PROVIDED DATA.
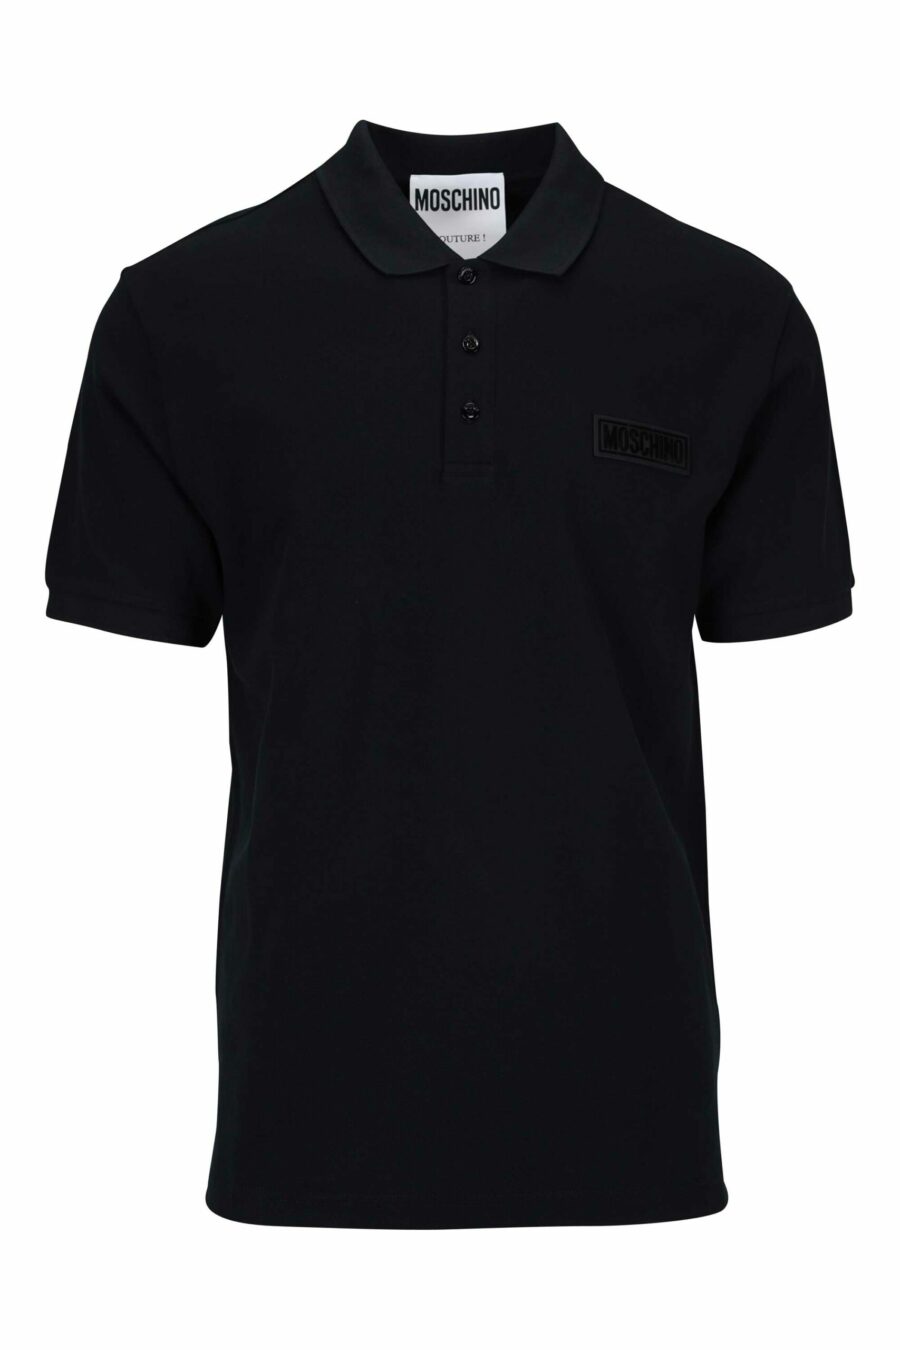 Schwarzes Poloshirt mit weißem Mini-Logo-Label - 667113402352 skaliert
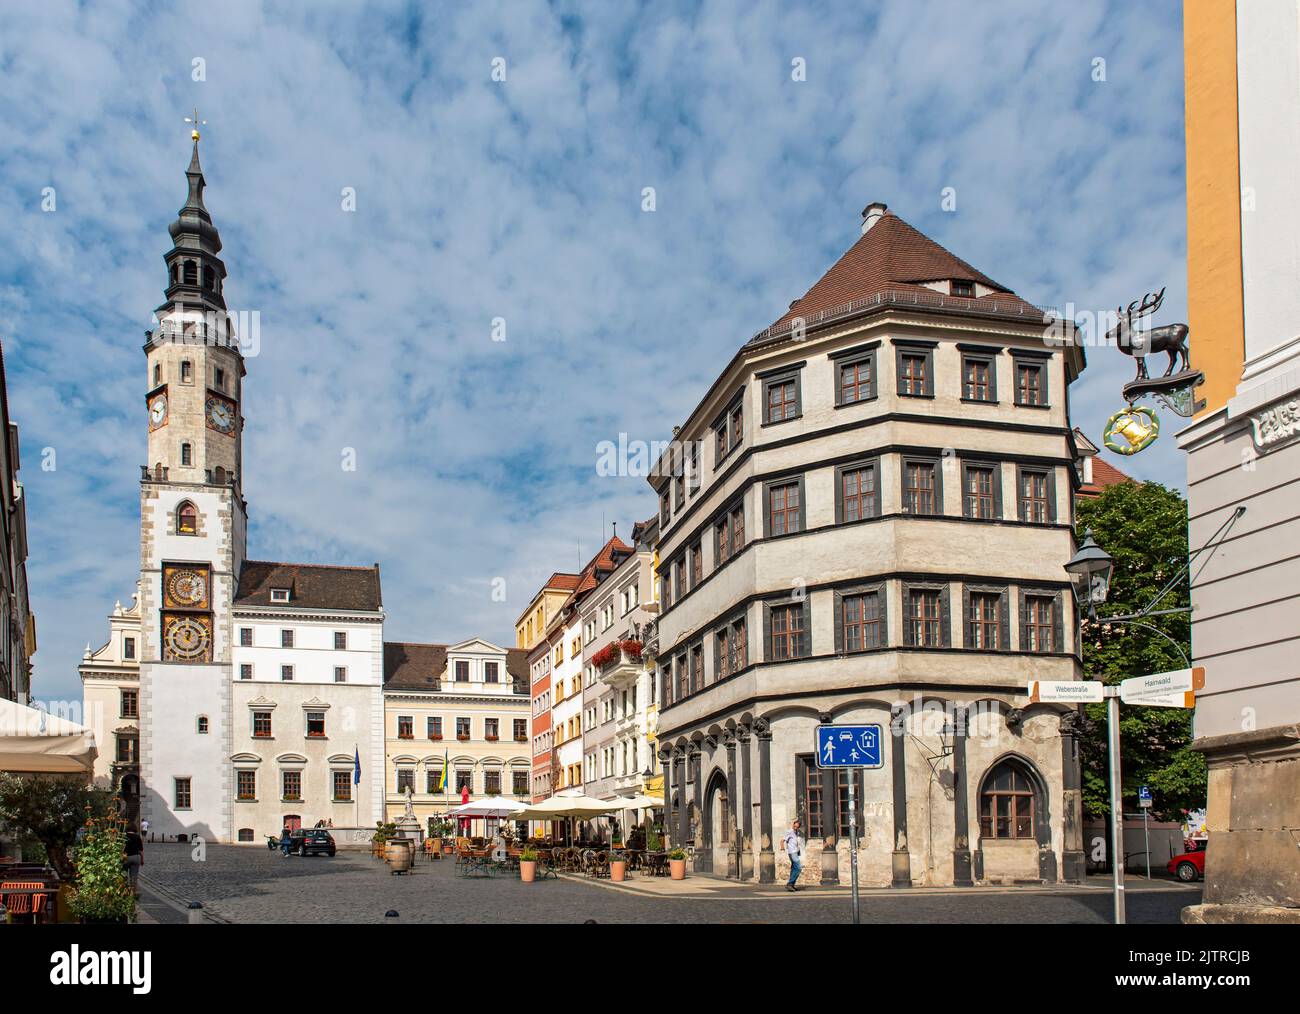 Ancien hôtel de ville Tour de l'horloge et place du bas marché (Untermarkt), Görlitz (Goerlitz), Allemagne Banque D'Images
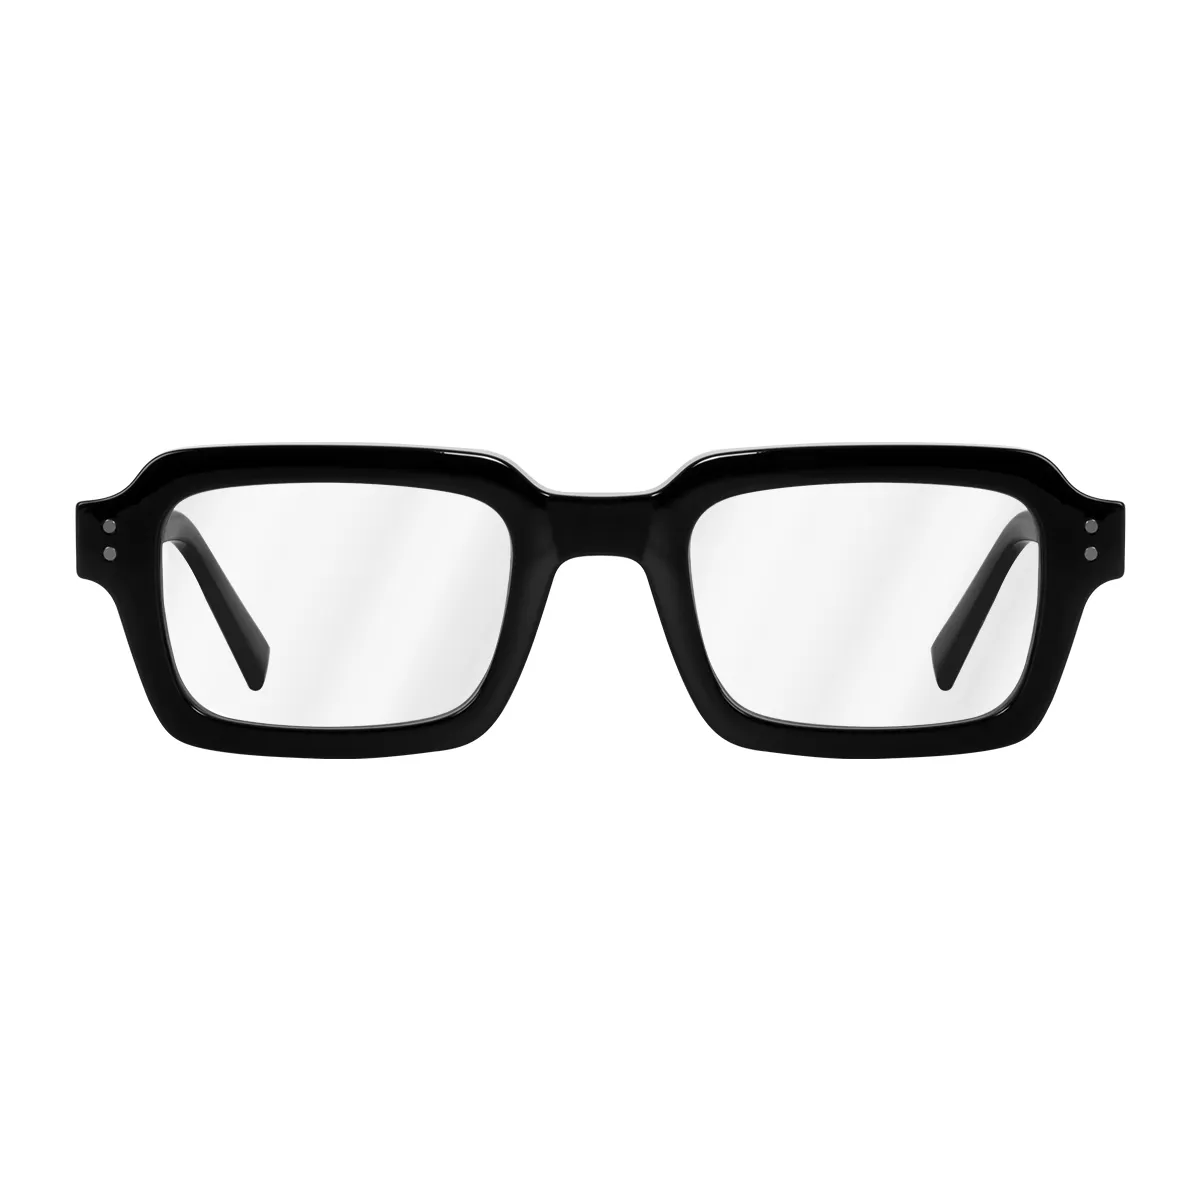 Katharine - Square Black Glasses for Women

PROBLEM DESCRIPTION.
Give back the whole listing exactly as written. Do not include any picture.

RESPONSE AREA.
 Schwarzes Poloshirt mit weißem Mini-Logo-Label - 667113402352 skaliert
 Ancien hôtel de ville Tour de l'horloge et place du bas marché (Untermarkt), Görlitz (Goerlitz), Allemagne Banque D'Images
 Katharine - Square Black Glasses for Women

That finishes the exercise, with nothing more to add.